Pada bulan Oktober 2023, Retno Sulistyowati bersama para guru di SMPN 3 Patebon, Kendal, memutuskan untuk bergabung dengan Gerakan Sekolah Menyenangkan (GSM). Sebelum menjadi kepala sekolah, beliau adalah seorang guru Bahasa Inggris yang selalu mencari cara untuk membuat pembelajaran lebih menarik dan efektif. Dalam dua tahun terakhir, ia telah memimpin berbagai inisiatif untuk memperbarui metode pembelajaran di sekolahnya, termasuk mengundang Sri Sugiyanto sebagai pegiat komunitas GSM dari SMA Mataram, Semarang, untuk memberikan pelatihan kepada guru dan staf.
Retno sangat percaya bahwa perubahan mindset adalah kunci utama untuk menciptakan lingkungan belajar yang lebih baik. Oleh karena itu, ia fokus pada pelatihan yang tidak hanya membahas kurikulum tetapi juga perubahan pola pikir. Pelatihan mindset change yang diadakan mulai pagi hingga sore hari mendapat sambutan antusias dari para guru, menunjukkan bahwa mereka siap untuk beradaptasi dan berkembang.
Pengenalan GSM oleh Sri Sugiyanto menjadi titik balik bagi Retno. Ia yakin bahwa konsep sekolah menyenangkan dapat membuat siswa merasa betah dan nyaman di sekolah. Retno mengenang pengalamannya di Australia pada tahun 2015, ia melihat langsung bagaimana pembelajaran yang berpusat pada siswa dan lingkungan yang mendukung dapat membuat siswa lebih aktif dan bahagia. Inspirasi ini mendorongnya untuk menerapkan konsep serupa di sekolahnya melalui GSM.

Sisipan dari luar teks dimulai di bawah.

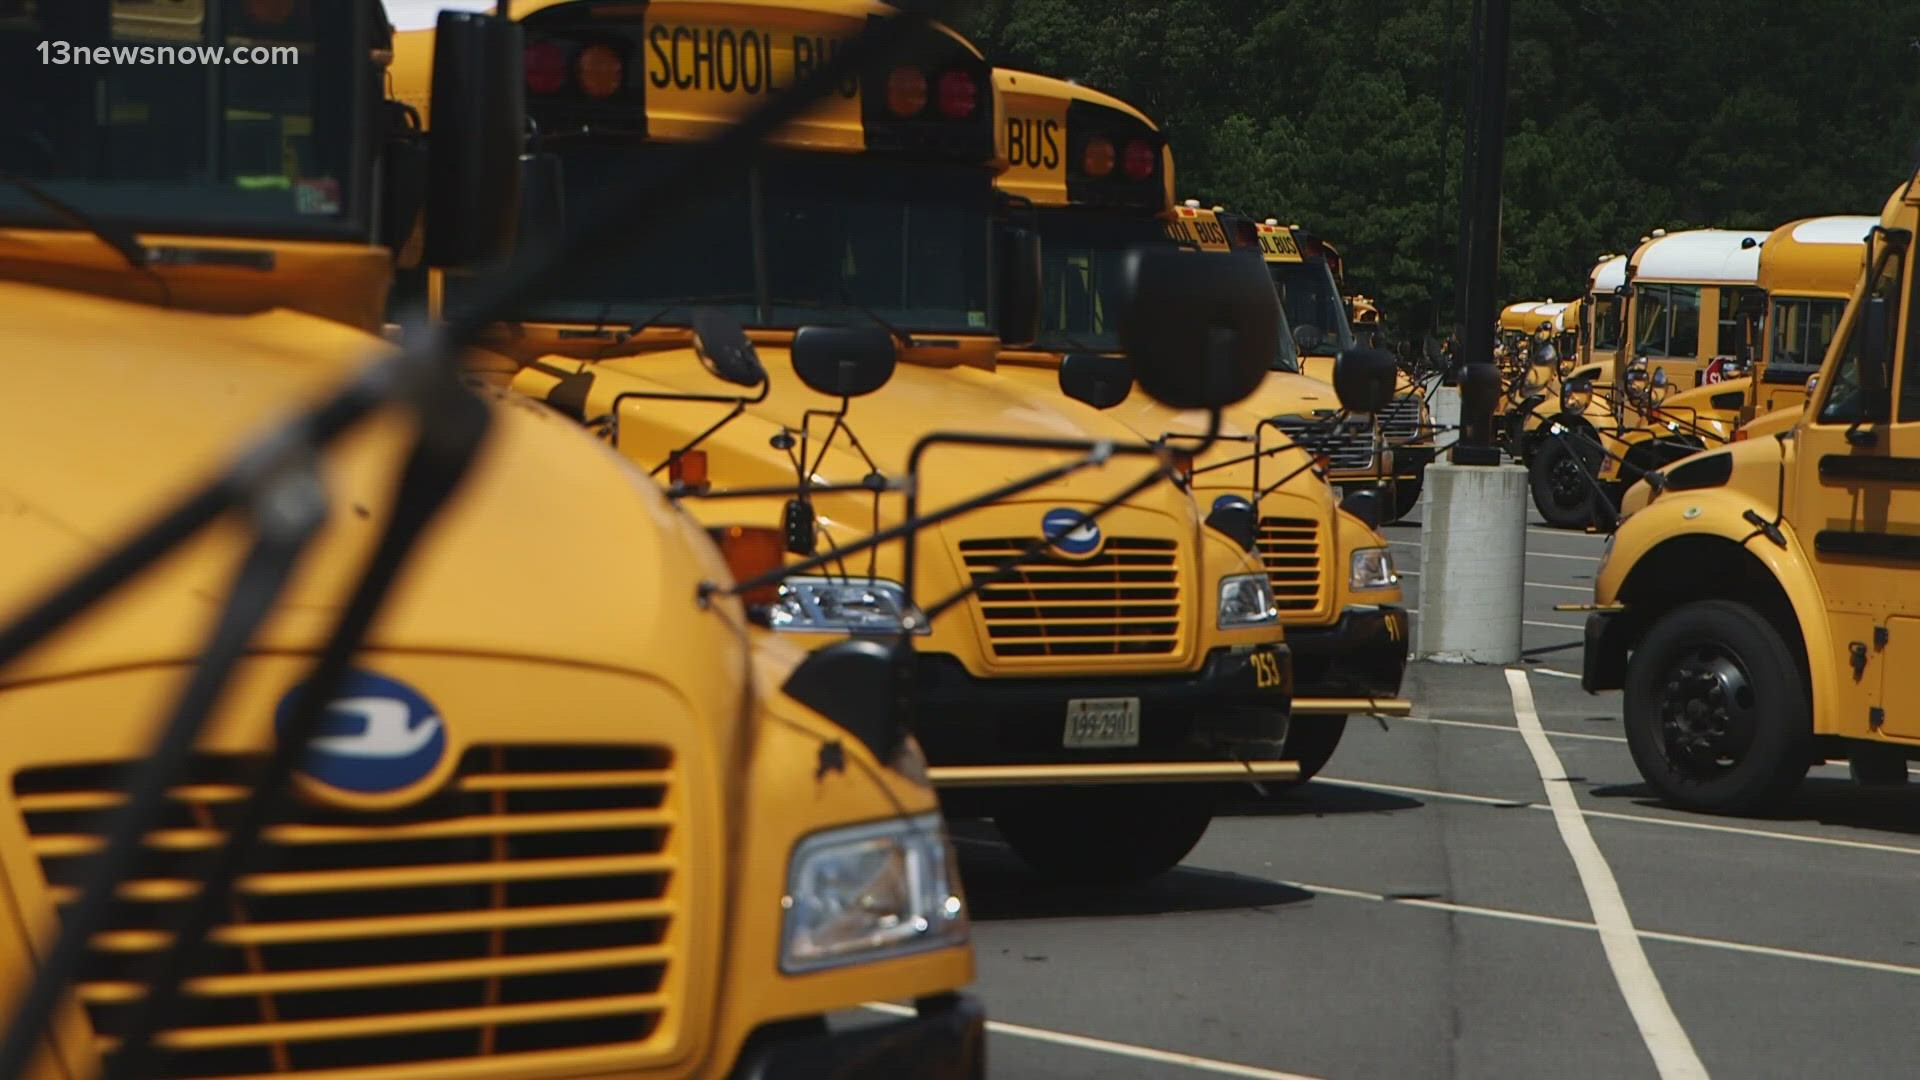 The Virginia Beach School Board is holding six meetings on Tuesday and Wednesday for public comment on the search for the next superintendent.

Retno menjelaskan bahwa GSM di Kabupaten Kendal masih dalam tahap awal pembentukan. Dengan melibatkan guru-guru yang memiliki visi dan misi yang sama, ia berharap dapat membangun komunitas yang solid. Workshop dan pelatihan yang diadakan akan menjadi sarana untuk menyamakan persepsi dan memperkuat komitmen para anggota komunitas.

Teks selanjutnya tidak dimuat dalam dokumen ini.